The Latency and IOPS for HDDs:

Average is a reality - Best never happened outside lab ;-)

For HDD the IOPS are the bottleneck but the biggest blocks the more throughput.

For SSDs the throughput is a bottleneck the block size doesn't matter.

Storage Systems must evolve:

* align to SSD pages
* keep meta-data in flash
* break up large WRITES (allow interleaved READs)
* anticipate power-loss at any time (checkpoints)
* checksum data and meta-data references
* verify on read and scrub (most data is 'cold' if you find corruptions after 6 months it is bad that's why we scrubbing more frequently).
* self-heal with multi-bit redundancy
* paranoid READS with de-dupe - strong cryptographic SHA-1

Conclusions:

* Understand how flash works: it's utterly different than rotating data
* Flash differs spectacular performance in-place, but flash fails in surprising new ways
* Design for strength and around the weakness - don't use it like a HDD !

Sunday 12 July 2015

Flash storage - SSD disks - NV-Memory - RESEARCH & NOTES

I've focused on flash storage recently.

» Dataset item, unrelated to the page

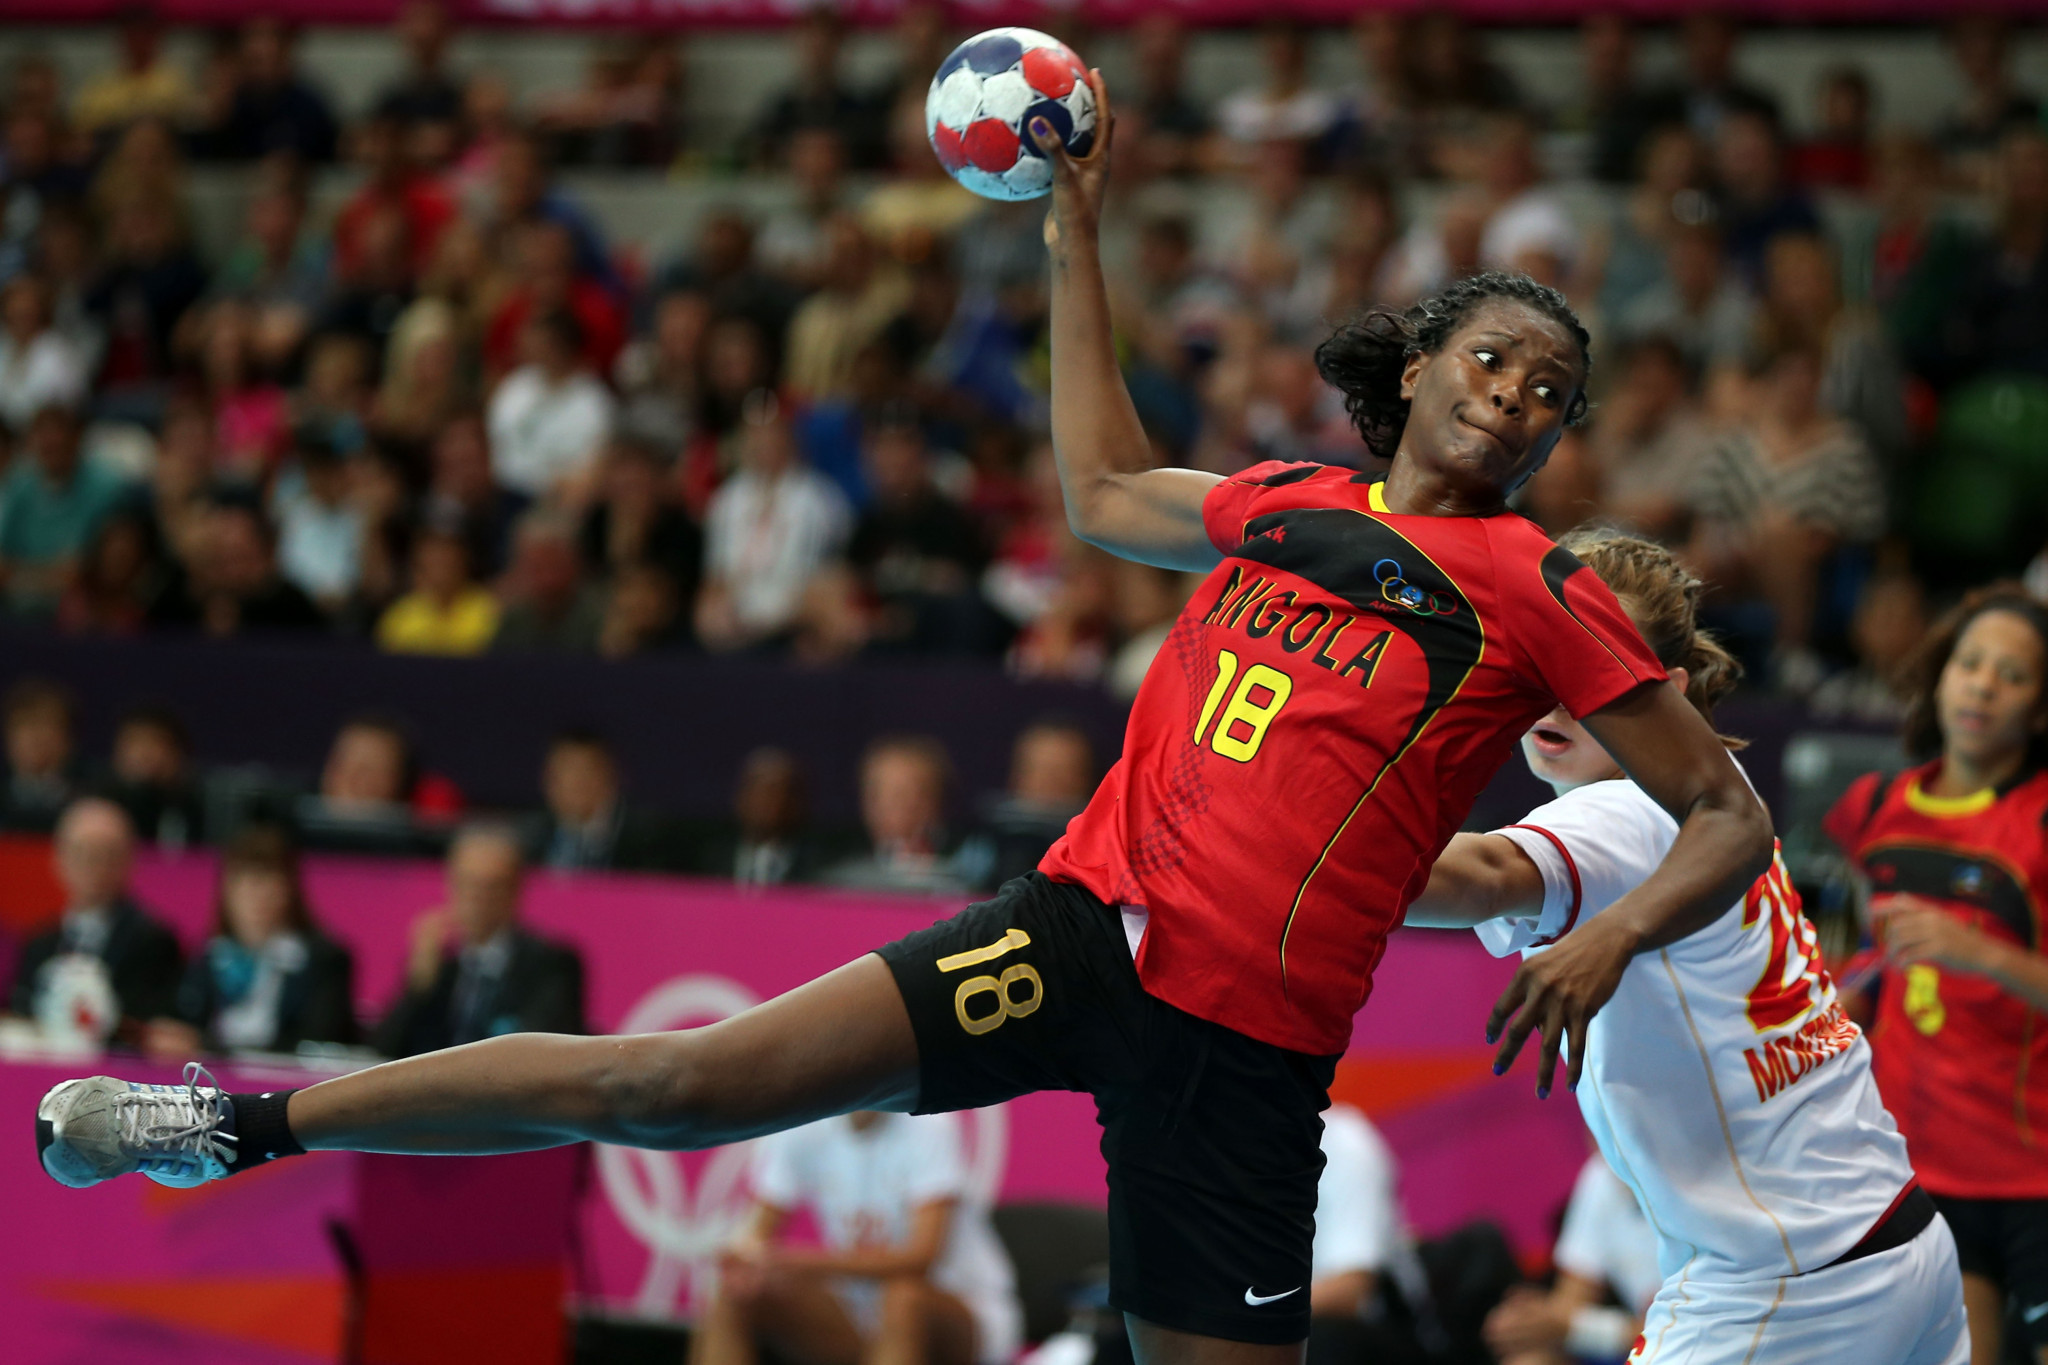 Angola will be defending their title at the African Women's Handball Championship now underway at Yaoundé in Cameroon ©Getty Images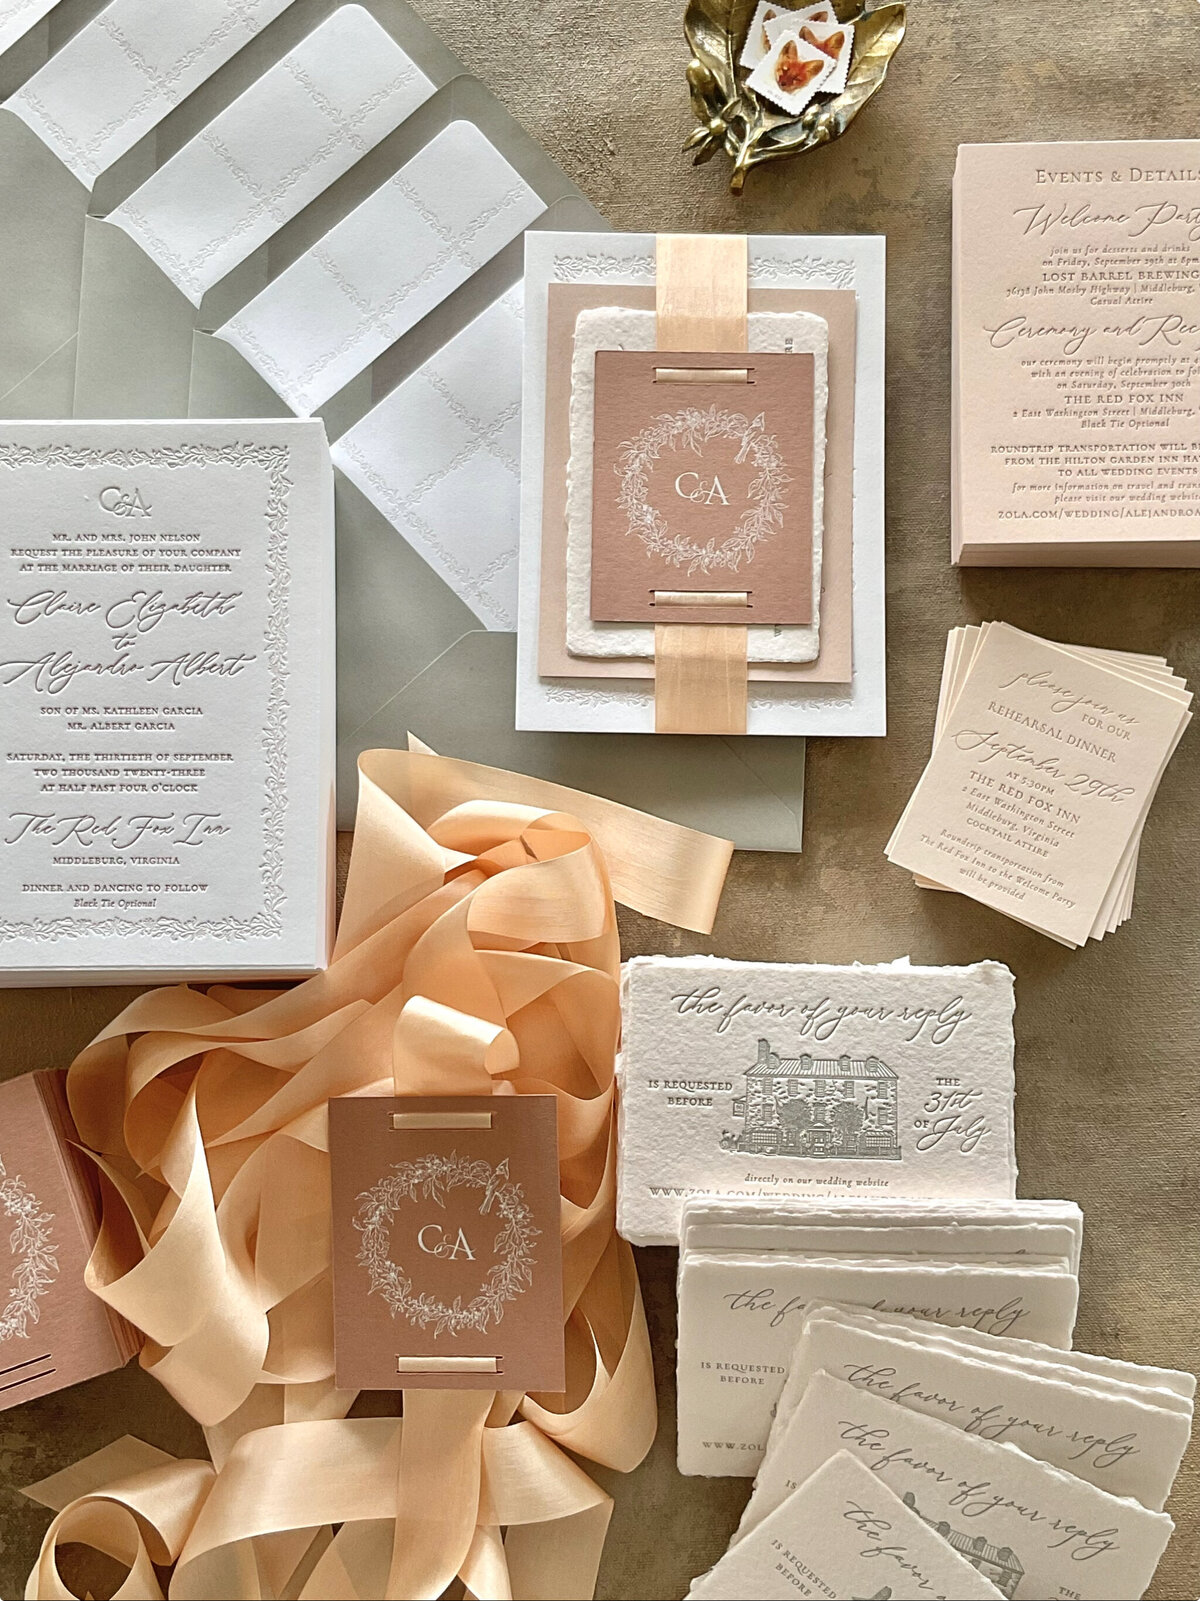 Wedding stationeries with custom calligraphy

Below my research and notes from different sources.

1.) HotChips conference - notes from Jim Hardy 'Flash Storage'presentations:

By 2020 we will have :

~ 35ZB data (according to CSC)
~ 50 billion things on internet (according to Cisco)

* If CPU access is as a heartbeat, DRAM access is as walking a mile, HDD access is as bicycle from San Francisco to Miami.

* When you put SSD into Storage Array you still have network/SAN fabric delay. If you put SSD into a server you accelerate the server but causing some problems with coherency.

* Other Flash benefits:
- less power & cooling
- improved reliability: fewer things to fail
- floor space reduction
- lower licencing fees (consolidate servers)
- faster error recovery:
-- RAID rebuild
-- backup restore
--snapshots

* Samsung went (2013) with 3D Flash.

* NANDs scaling limits:
- too few electrons per gate
- needs constant shrinking for cost reduction
- 4bits/cell hard to make:
-- this may be the max possible
* other technologies will scale past NANDs
-- PCM, MRAM, RRAM, FRAM ...
-- not yet clear which one will win...

NAND doesn't do 'byte' writes, it does 'page' writes, but it also doesn't overwrites. You have to erase first and write new data. When you moving data from block to block you have to think about wearing.

New NV-memories are better than NAND:

NAND:
* serial read
* erase before write
* block erase/page write
* slow writes
* inherent bit errors
* wear

New NV-memories:
* random read
* overwrite
* byte write
* fast write
* lower bit errors
* low/no wear

Future: Storage Class Memory

NV-memories won't cross HDD $/GB !!!!
New NV-memories will required new computing architecture

2.) HotChips conference - Krishna Parat 'NAND Technologies' presentation:

NAND Flash key attributes:
* non-volatile memory
* READ access time of 10's of microsecond
* WRITE/ERASE time of ~ milisecond
* page programming
* block erase
* 10's of thousen cycles WR/E endurence
* NAND has a simple cell and array structure

Program => Electrons stored on the Floating Gate -> High Vt

Erase => remove electrons from Floating Gate - Low Vt

Read => look for current through the cell at given gate bias

* Programming is by tunneling electrons through the Tunnel-ox by applying a high gate voltage and grounding well and source/drain.

* Erase is by tunneling electrons through the Tunnel-ox applying a high Well voltage and grounding the gate (P-Well - where electrons flow)

* Cell area has scaled per Moore's law predictions into the mid 20nm without much difficulties.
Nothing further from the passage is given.